IF 2.2 Q2 DENTISTRY, ORAL SURGERY & MEDICINE Pub Date : 2024-10-01 DOI: 10.1177/23800844241273758
G C Bales, E G R Kim, S Curtan, D Selvaraj, C A Riedy, G P Heintschel, R D Bruce, J M Albert, D C Kaelber, S Nelson

Introduction: There are minimal evidence-based outcomes from clinical trials for medical-dental integration. This formative work and pilot study is a precursor to a larger cluster-randomized clinical trial in adult primary care practices to test an electronic health record (EHR) structured workflow for primary care providers (physicians/nurse practitioners [NPs]) and medical staff (medical assistants [MAs] and nurses) with oral health (OH) screening and referral for Medicaid-enrolled adults ≥55 years.

Methods: This study was conducted in 2 practices with providers, medical staff, and older adults. Focus groups preceded the pilot study to gain stakeholder insights prior to the multilevel interventions of systems changes and provider education. The system-level EHR changes for medical staff included ask (OH screening), advise (visit dentist soon/annually), assess (need for referral: eReferral to co-located dentists or structured referral to community dentists), and connect (referral; resources). Provider education (didactic and skills) was based on the Common-Sense Model of Self-Regulation (CSM) to deliver OH facts to older adults at primary care visits. Descriptive analysis was used to report on process outcomes of reach, adoption, and implementation/fidelity.

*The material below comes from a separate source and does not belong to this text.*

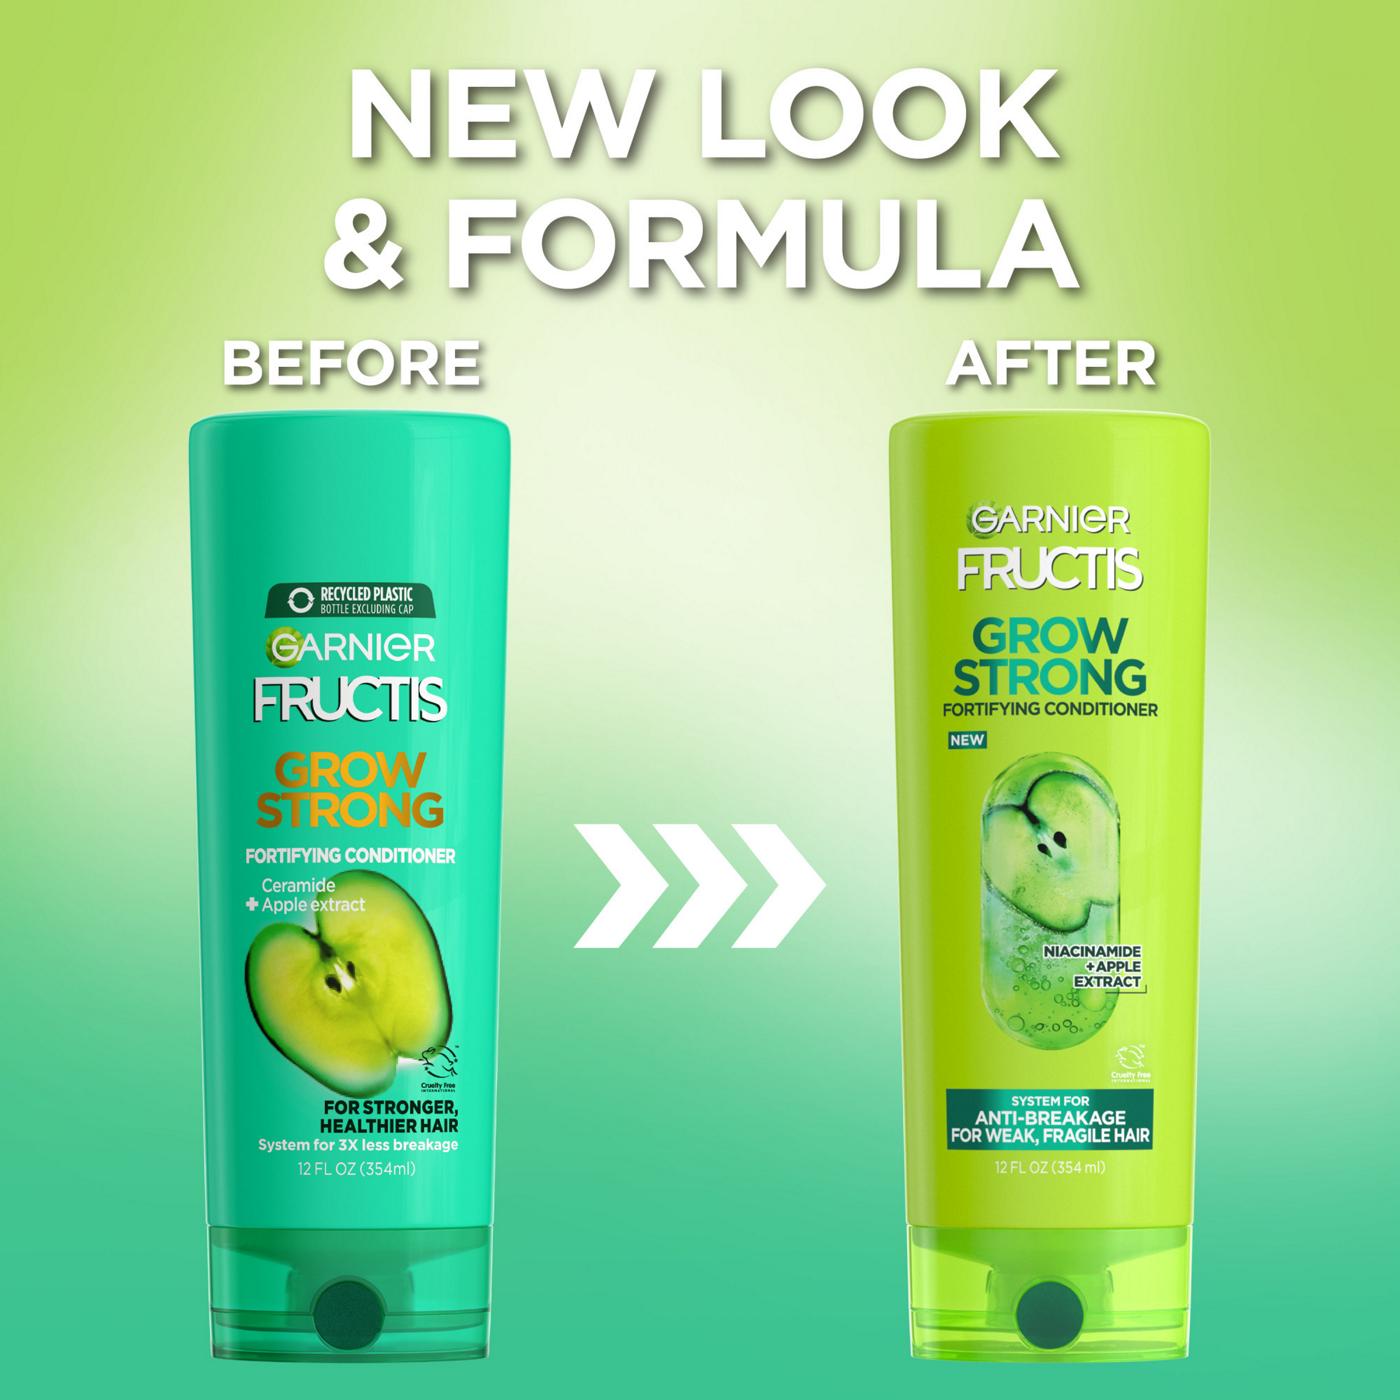 Garnier Fructis Grow Strong Fortifying Conditioner; image 8 of 8
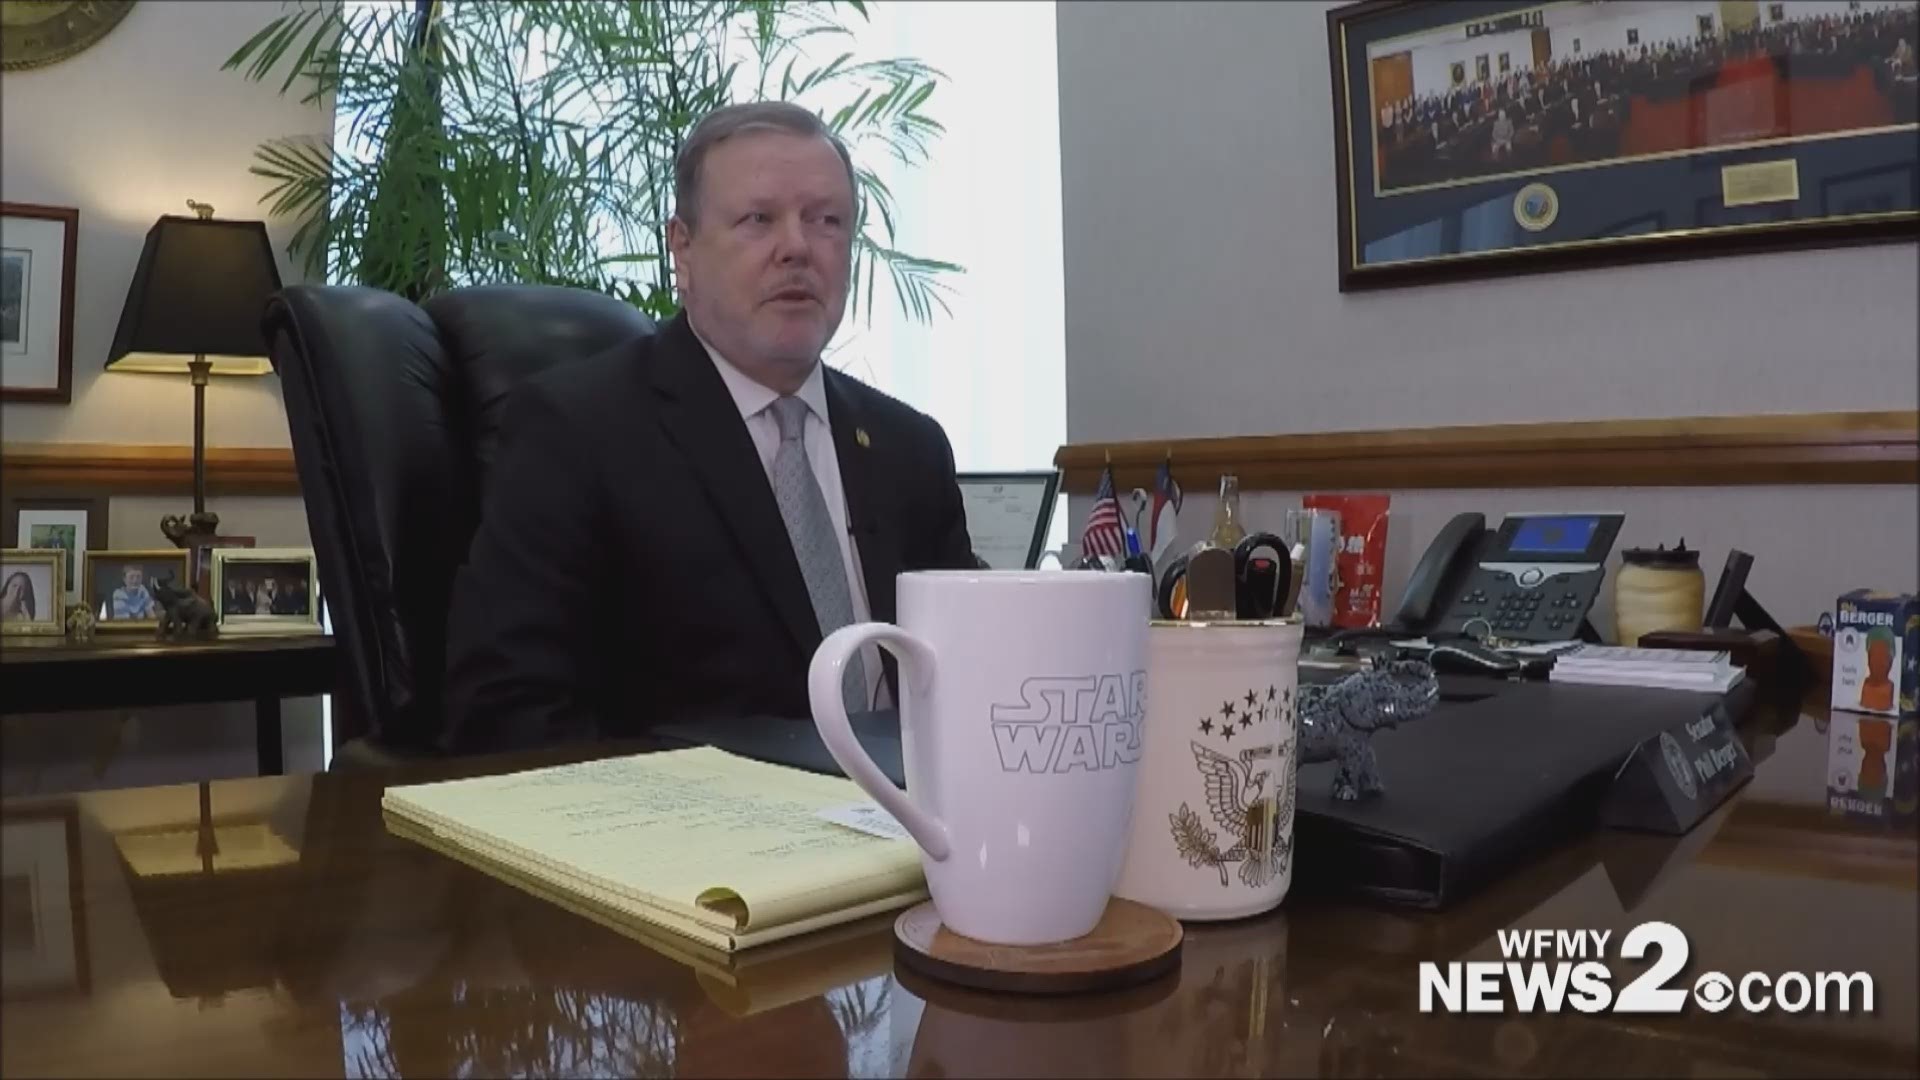 Talking about a myriad of issues, NC Senate leader Phil Berger talked to WFMY News 2's Alma McCarty in his Raleigh office.

Results: After stakeholder input, the CSM-based didactic and skills curriculum was developed, and 4 physicians were trained. Changes in the Epic EHR were implemented, and 19 medical staff were trained in this new structured workflow together with physicians. In terms of reach, 83% (N = 80) of older adults were enrolled out of 96 approached (female: 66%; non-Hispanic: 83%; Caucasian: 43%). Workflow adoption was 100% of MAs completing the EHR questions and 89% of providers documenting giving OH facts. About 94% of older adults reported their physician giving them OH facts indicating implementation/fidelity of the intervention. About 60% of older adults reported no dental visits in the past year, and 66% requested eReferrals.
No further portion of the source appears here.